Using $ x \ge \lfloor x \rfloor > x – 1 $ we have

$$ A_n \ge n - \sum \frac{n}{p_i} + \sum \frac{n}{p_i p_j} - \binom{m}{2} -
\sum \frac{n}{p_i p_j p_k} + \sum \frac{n}{p_i p_j p_k p_l} - \binom{m}{4} + \cdots.$$

Noting that $$\binom{m}{0}+\binom{m}{2}+\binom{m}{4} \cdots = 2^{m-1},$$

we obtain $A_n \ge B_n – 2^{m-1}.$ Similarly, we have $A_n \le B_n + 2^{m-1}$ and hence we can bound

$$ \left| \frac{A_n – B_n}{n} \right| \le \frac{2^{m-1}}{n} = O(1/n).$$

However, if we take $n \equiv -1 \textrm{ mod } \prod_{i=1}^m p_i$ then we have

$$A_n – B_n = \prod_{i=1}^m \left( 1- \frac{1}{p_i} \right) = \text{a constant.} \quad (1)$$

So the difference is a constant infinitely often.

EDIT: Since the differences between the $ \lfloor \frac{n}{p_i p_j \ldots} \rfloor $ and the $ \frac{n}{p_i p_j \ldots} $ are a maximum when $n \equiv -1 \textrm{ mod } \prod_{i=1}^m p_i$ it appears we have

$$A_n – B_n \le \prod_{i=1}^m \left( 1- \frac{1}{p_i} \right), \quad (2)$$

with equality when $n \equiv -1 \textrm{ mod } \prod_{i=1}^m p_i.$ I do not have a proof of this latter claim, although I have a proof for (1), which I hope to be able to modify to prove (2).

EDIT2: I could not find a proof of (2) because, sadly, it's not true!
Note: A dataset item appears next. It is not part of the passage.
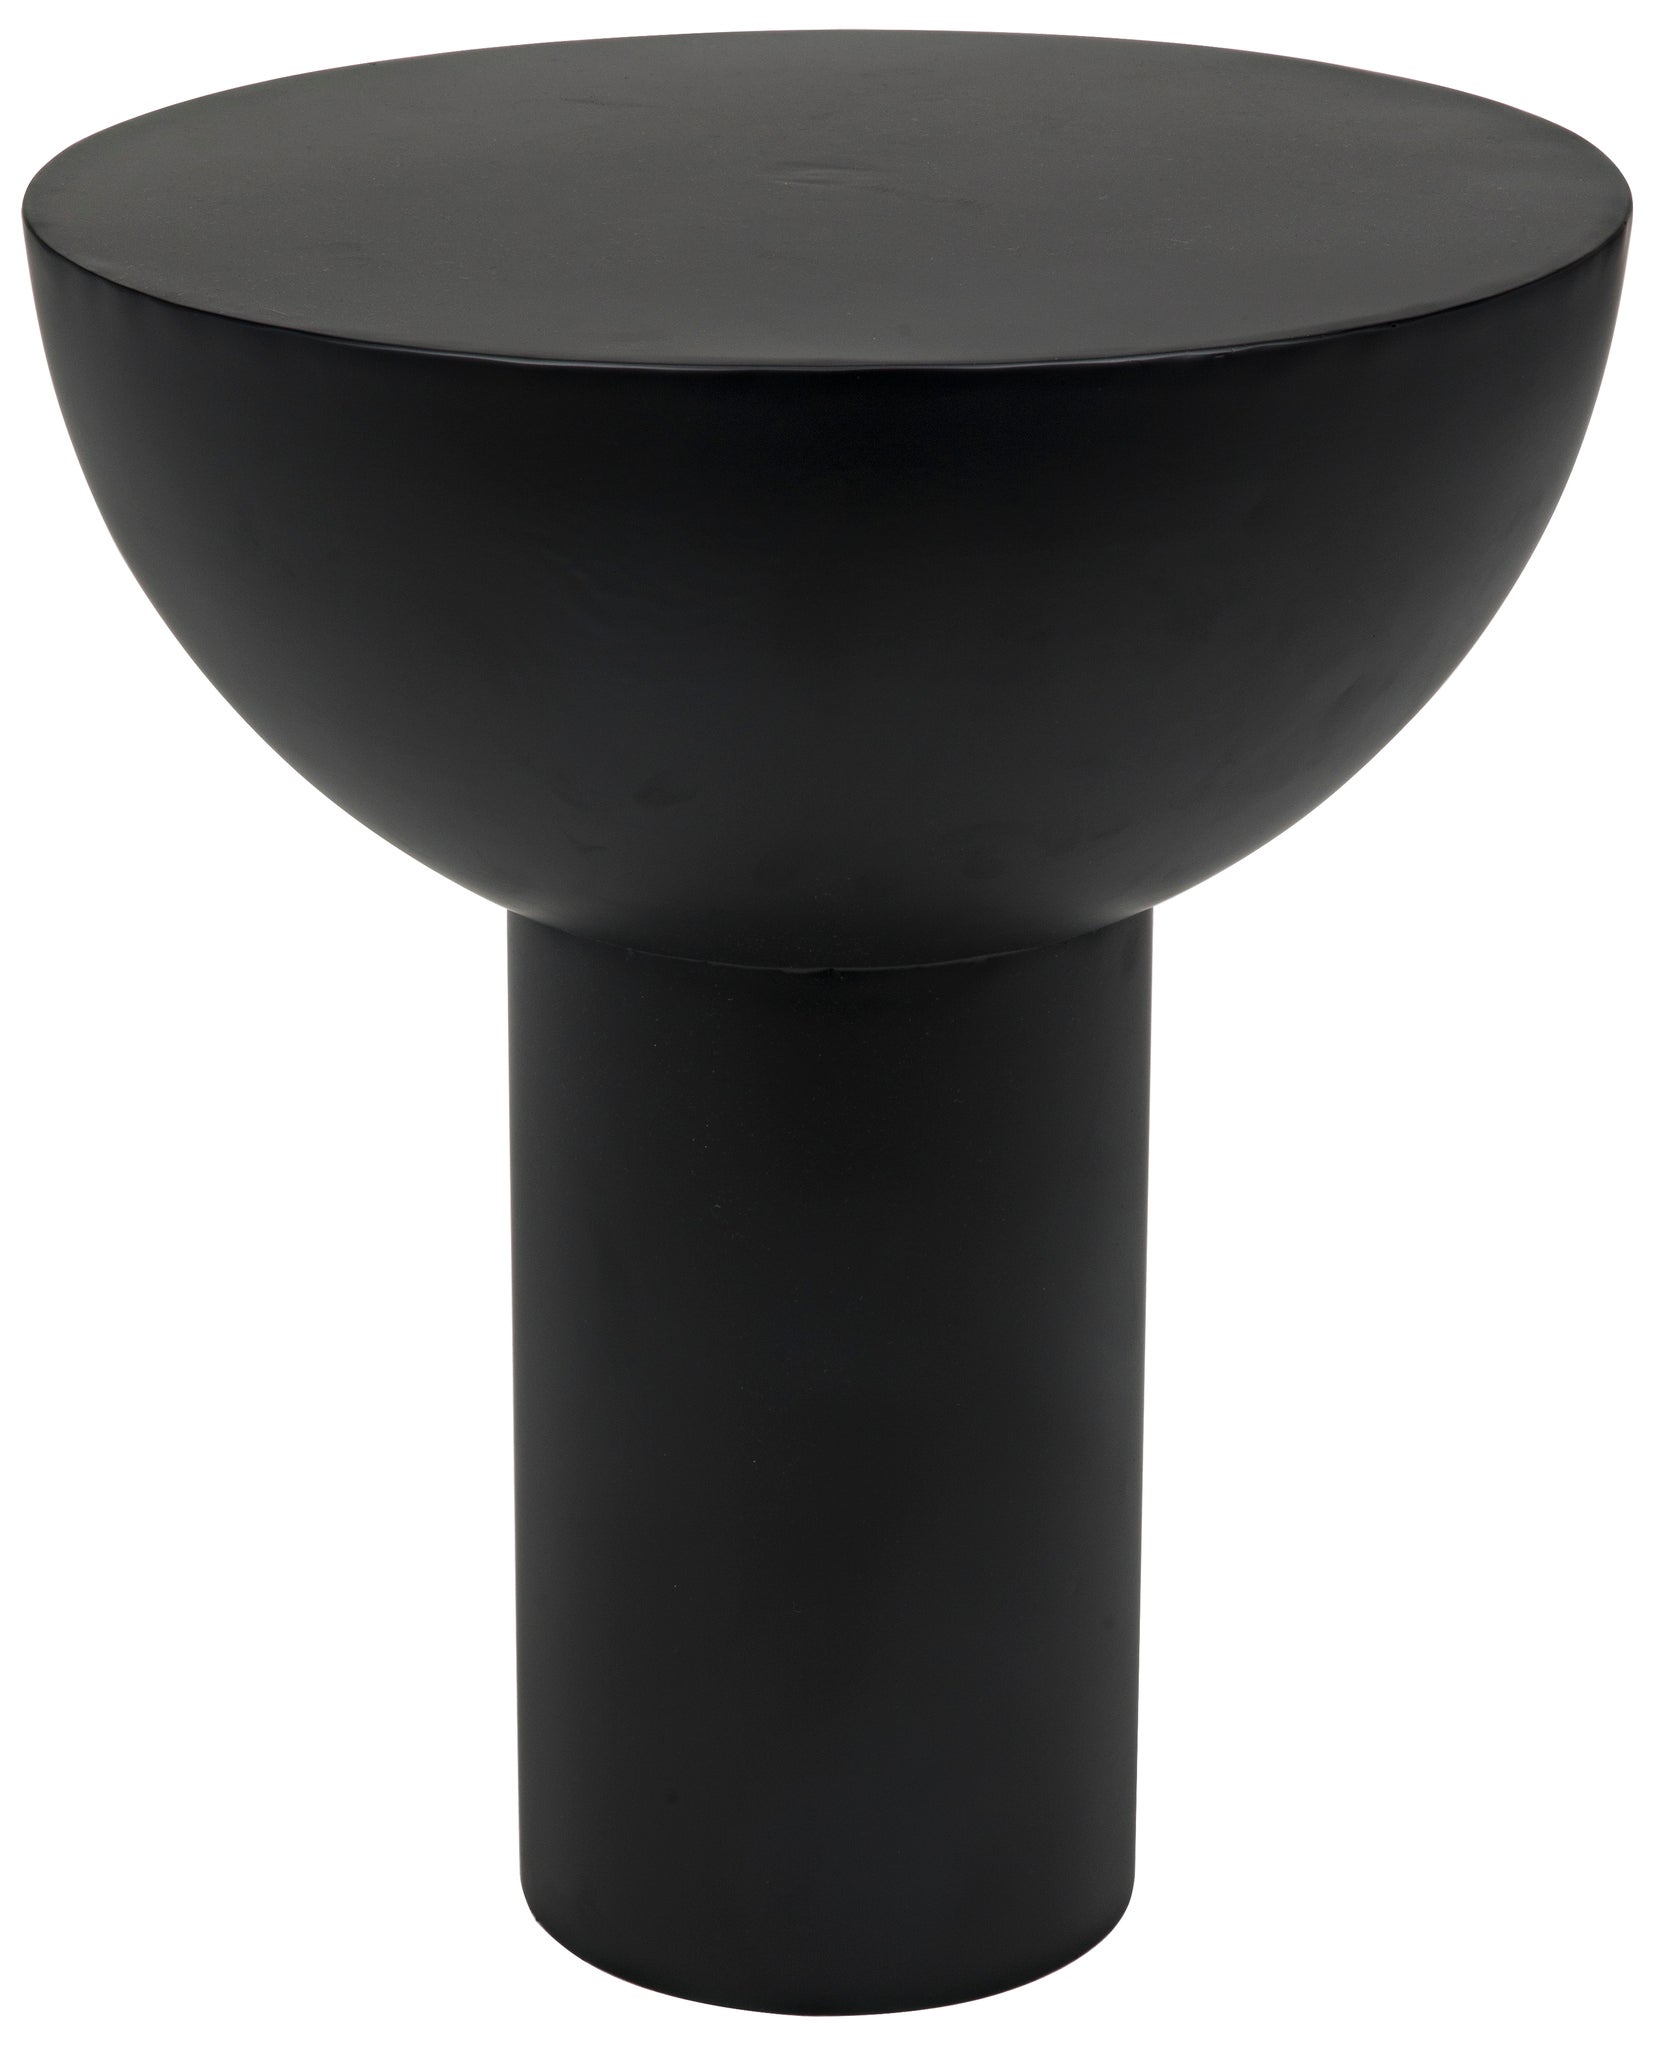 Touchstone Side Table, Black Steel - new items | Noir Trading, Inc.

However, (1) is exact for the given $n.$

EDIT3:

Here's a vast improvement on my previous comments, which I believe solves your problem completely.

Suppose $n \equiv -r \textrm{ mod } \prod_{i=1}^m p_i, $ where $ 0 \le r < \prod_{i=1}^m p_i$ then we have

$$A_n – B_n \le r \prod_{i=1}^m \left( 1- \frac{1}{p_i} \right).$$

I proved this simply by expanding $A_n – B_n$ and doing the summations. Also, I believe the exact formula to be

$$A_n – B_n = \delta + r \prod_{i=1}^m \left( 1- \frac{1}{p_i} \right) - \Phi_P(r),$$

where $\delta = 1$ when $r$ is coprime to all the $p_i$ and $0$ otherwise, and $\Phi_P(r)$ is the number of positive integers $\le r$ which are coprime to the $p_i.$

Note that when $n=711,$ $r=9,$ $\delta = 0$ and $\Phi_P(9) = 2,$ $P=\lbrace 2,3,5 \rbrace,$ so the above formula gives $$A_{711}-B_{711} = 9 \left( 1 - \frac{1}{2} \right) \left( 1 - \frac{1}{3} \right) \left( 1 - \frac{1}{5} \right) – 2 = 0.4$$ which agrees with your $190-189.6 = 0.4$

When $n=107,$ $r=19,$ $\delta = 1$ and $\Phi_P(19) = 6,$ $P=\lbrace 2,3,7 \rbrace,$ so we have $$A_{107}-B_{107} = 1 + 19 \left( 1 - \frac{1}{2} \right) \left( 1 - \frac{1}{3} \right) \left( 1 - \frac{1}{7} \right) – 6 = 0.42857\ldots,$$

which is also in agreement with the rounded figures you've given in the question.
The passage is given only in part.